Ways of Seeing is a title of a famous book by the author John Berger in which he states that our views of things are influenced and conditioned by our culture and beliefs. In particular he explores the relationship to the attitudes toward women as represented in art and the book has made a seminal contribution to the understanding of art criticism and the broader debate on objectivity and value as presented in any culture.

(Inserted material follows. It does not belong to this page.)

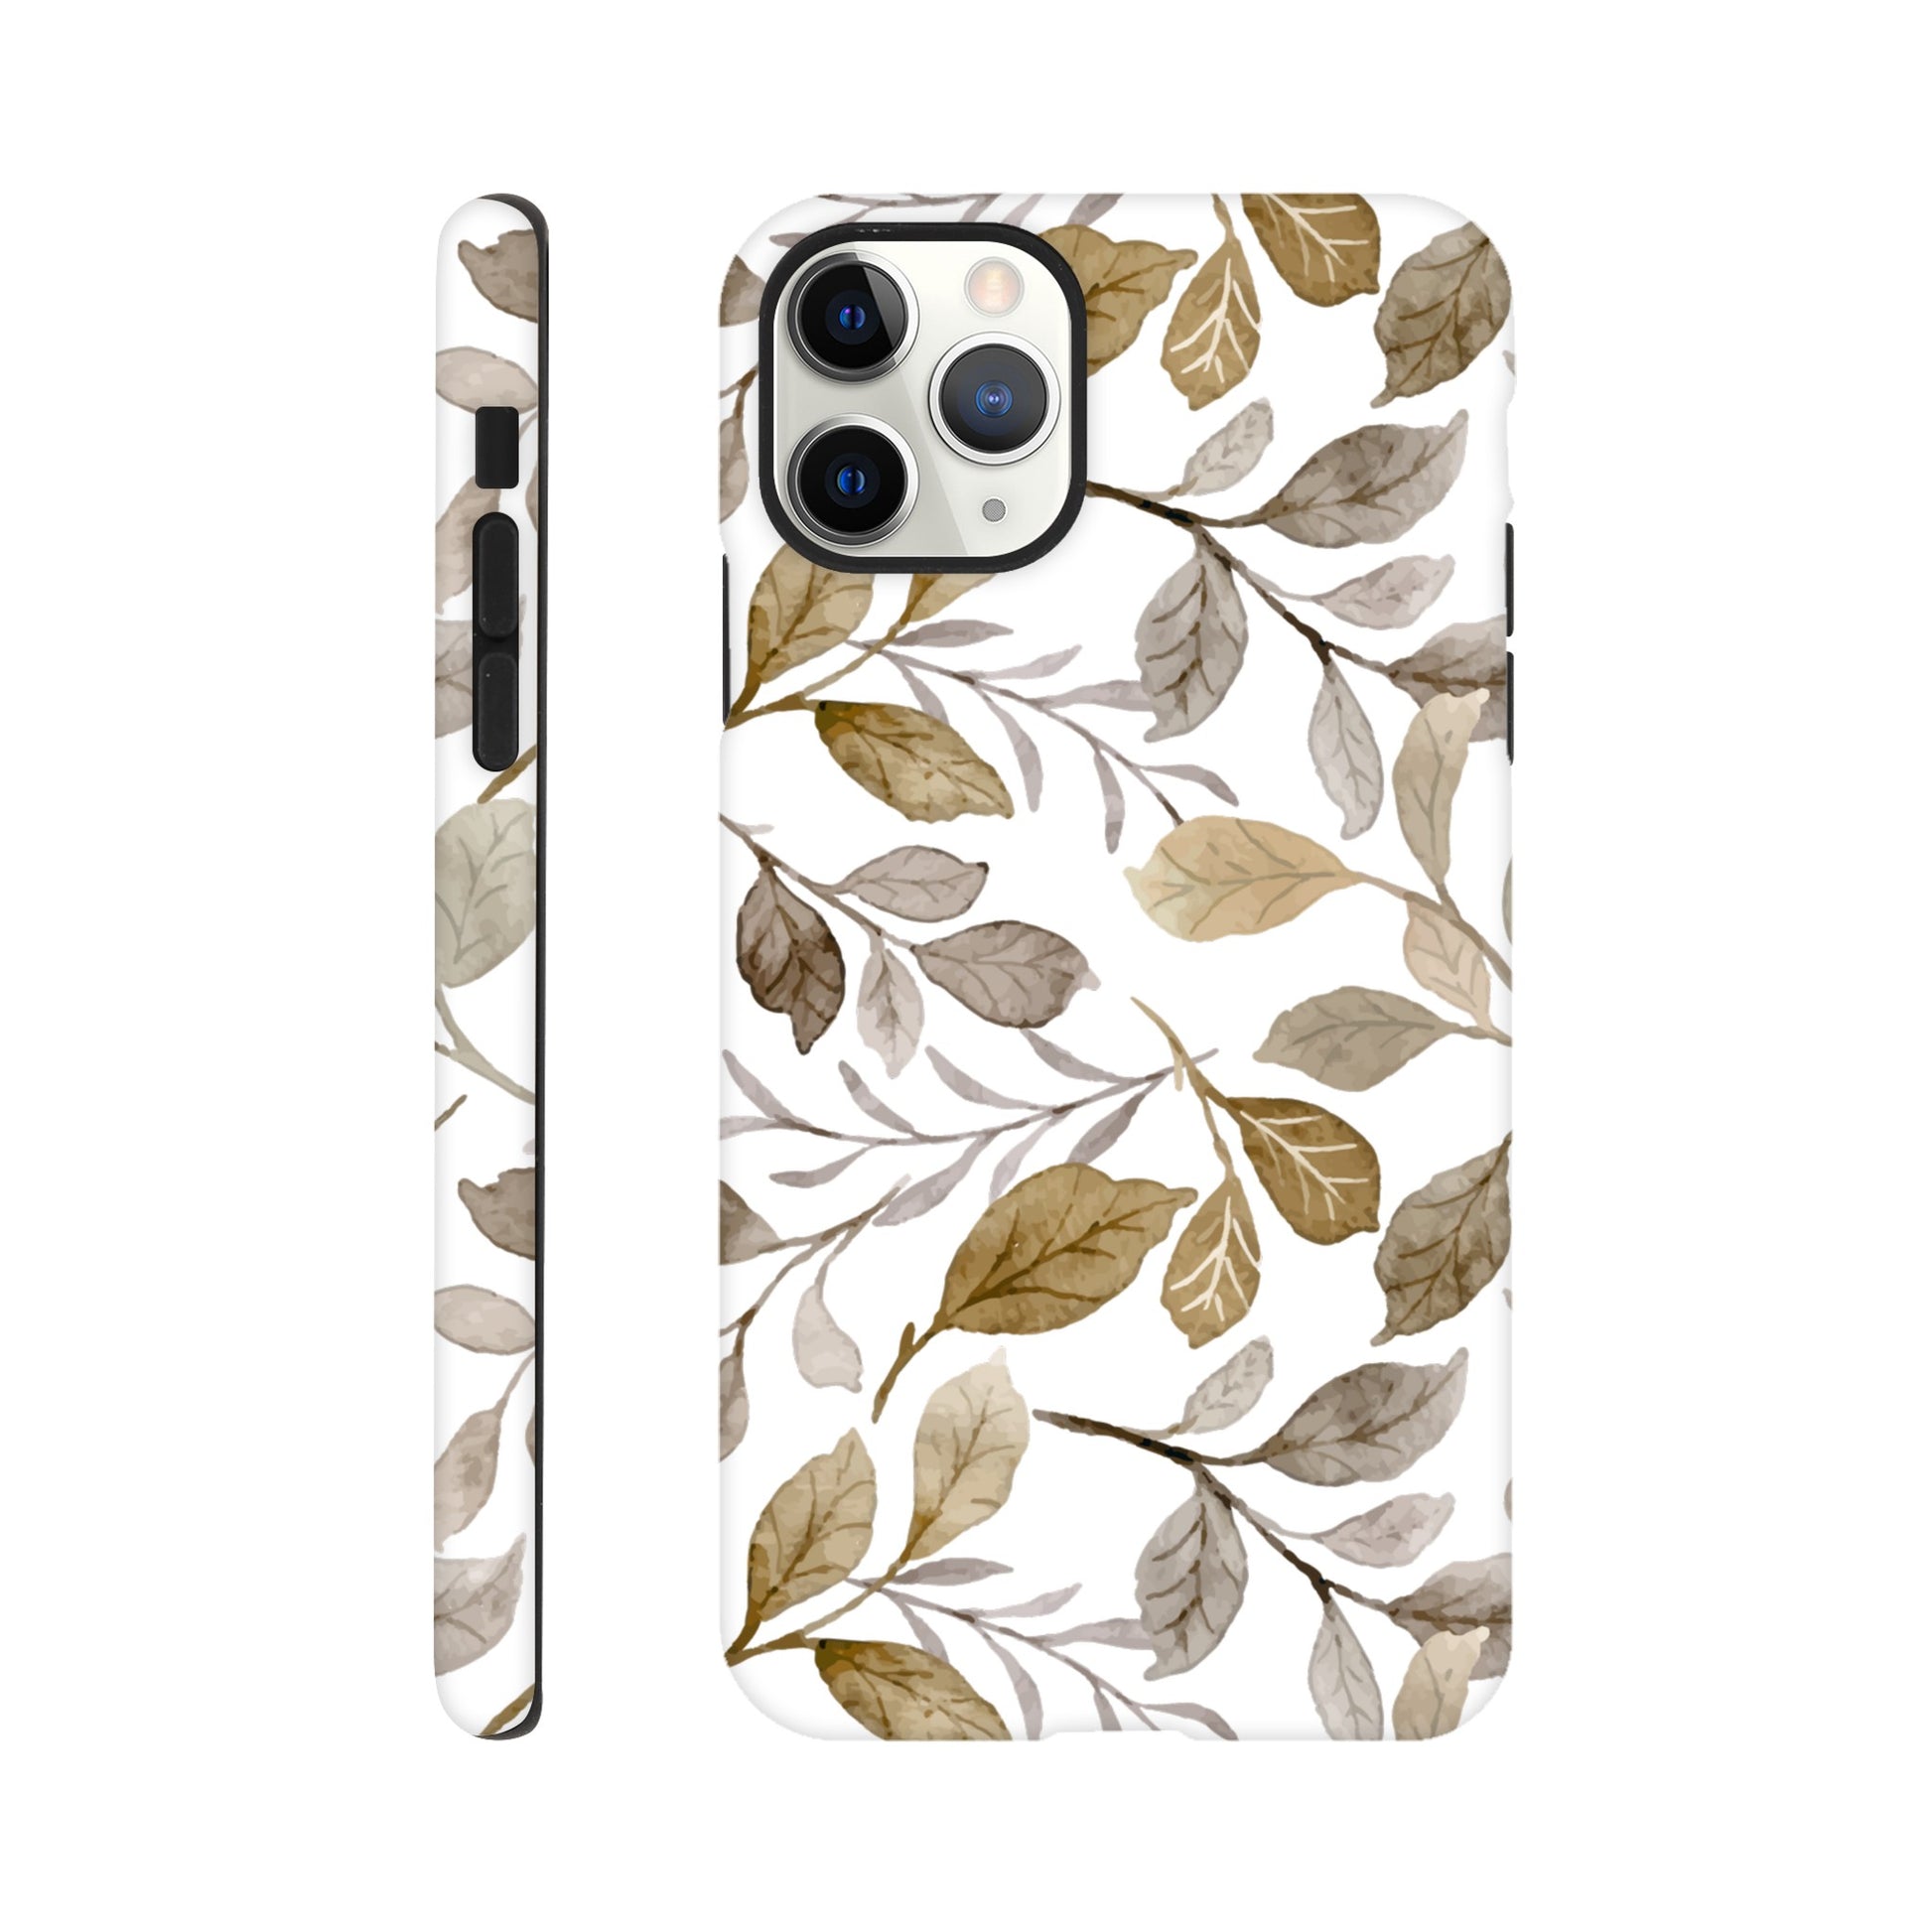 Autumn Leaves - Phone Tough Case iPhone 11 Pro Max Phone Case Plants

I entitled my essay in the journal, “Ways of Seeing”, as I wanted to explore the ways in which we approach the study of materia medica and case analysis and the challenges of exploring this body of information. As I mention in the article, Hahnemann in Aphorism 3 of the Organon stated that a physician needs to have knowledge of the healing power of medicine and knowledge of disease and how to match one to the other. Knowledge of medicines comes from the study of provings and the curative capacity of our medicines, as well as it does from the knowledge of the medicinal substance itself. However, as explored by Frans Vermeulen in both articles presented in this journal, this knowledge has been fraught with inaccuracies, assumptions and flawed provings, making our work even more difficult. Vermeulen is doing sterling work in clarifying many of these mistakes, even made by some of the masters of old, including Hahnemann, T.F. Allen and Hering. 

Editorial Part Two

After seven years of being editor of the California Homeopath, my colleague Marci Mearns and I have been exploring the possibilities for the future of the journal. We feel that the journal has offered a unique and indepth view on topics pertinent to homeopathy and our vision has always been to have a journal that extends the boundaries of conventional homeopathic writing and encompass a broader investigation into health and the contribution homeopathy can make.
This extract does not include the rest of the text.